EXPO é um belo exemplo, assim como o acto de pensar como gente grande em 2004, construíndo estádios de futebol para fazer uma lição, nos dois casos, de excelência na organização e uma lição em mercantilização, ou marketing, política. Via Verde, não brinquemos, foi outro exemplo também e não hajam dúvidas que o Cristiano Ronaldo é um excelente capitão da seleção portuguesa, um exemplo na sua vida pessoal e professional, e o currículo de Mourinho é ímpar. Mas há muito mais a fazer.

Sabem como são escolhidos em Portugal muitas pessoas que tomam as decisões? Identificam o/a candidato/a antes de anunciar que o lugar está disponível. Escreve-se a especificação da função a partir do currículo desta pessoa, que foi escolhida por causa das ligações aos grupos de pressão, ou lobbies, e por aí fora. Depois só aquela pessoa tem os requerimentos para aquela função. E daí as decisões como vemos hoje, fechar as lojas de conveniência às 22.00 (quando em outros lugares estão abertos 24 horas por dia, chamam-se lojas de CONVENIÊNCIA) e fechar a única esquadra numa zona com grande concentração de pessoas.

Portugal é um país médio em termos europeus, não é pequeno.
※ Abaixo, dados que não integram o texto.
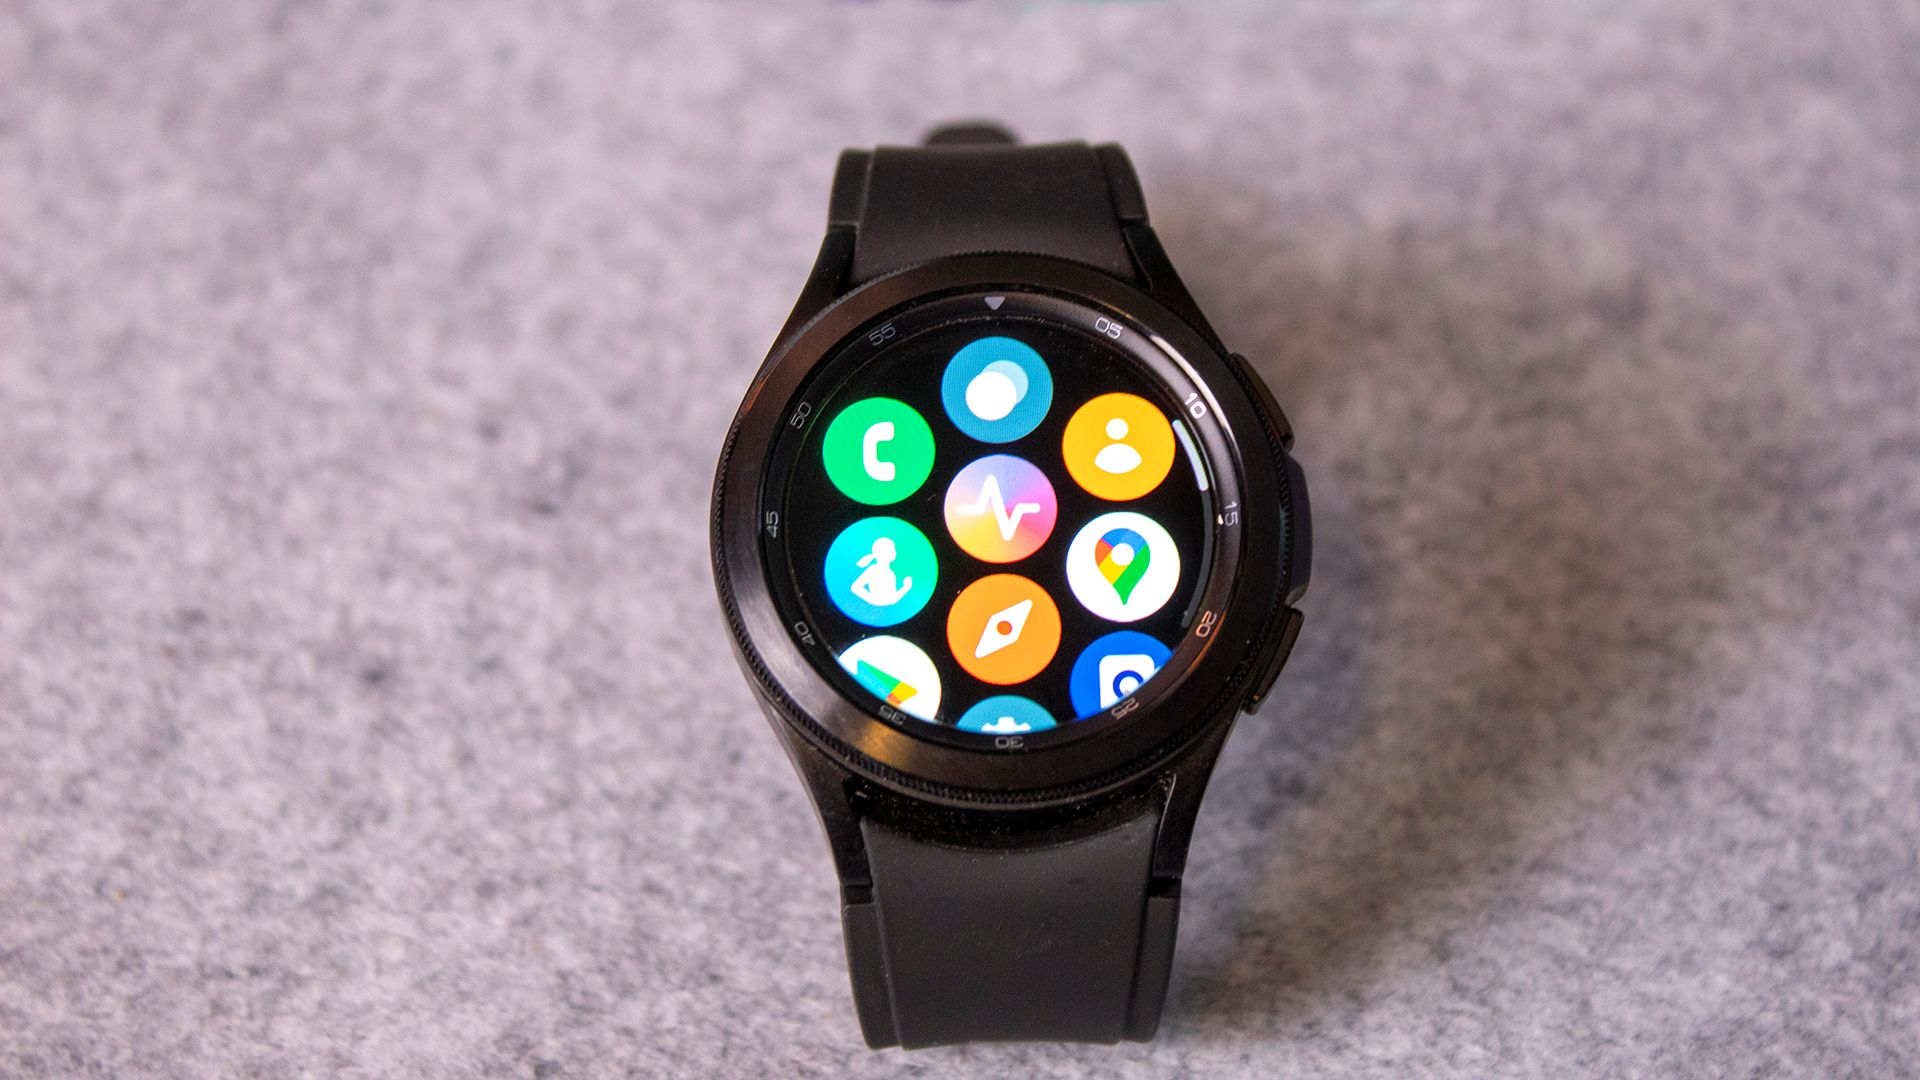 A Galaxy Watch 4 with Wear OS apps on the screen

Em termos da zona económica exclusiva, Portugal tem uma das maiores áreas do mundo. Por isso tirem o discurso do coitadinho da agenda e metem-no onde pertence. Mas tem de haver gente competente a tomar as decisões.

Para já, exijo que seja aberta uma esquadra nas Avenidas Novas, em Lisboa, e que sejam criadas as condições para as lojas de conveniência abrirem as horas que bem entenderem, prestam um serviço público bem maior do que o autor do despacho a condená-las. Se Portugal tem agora uma hipótese com o aumento em turismo, basta agora dois ou três turistas serem atacados na zona das Avenidas Novas para a história alastrar...e adeus à galinha dos ovos de ouro.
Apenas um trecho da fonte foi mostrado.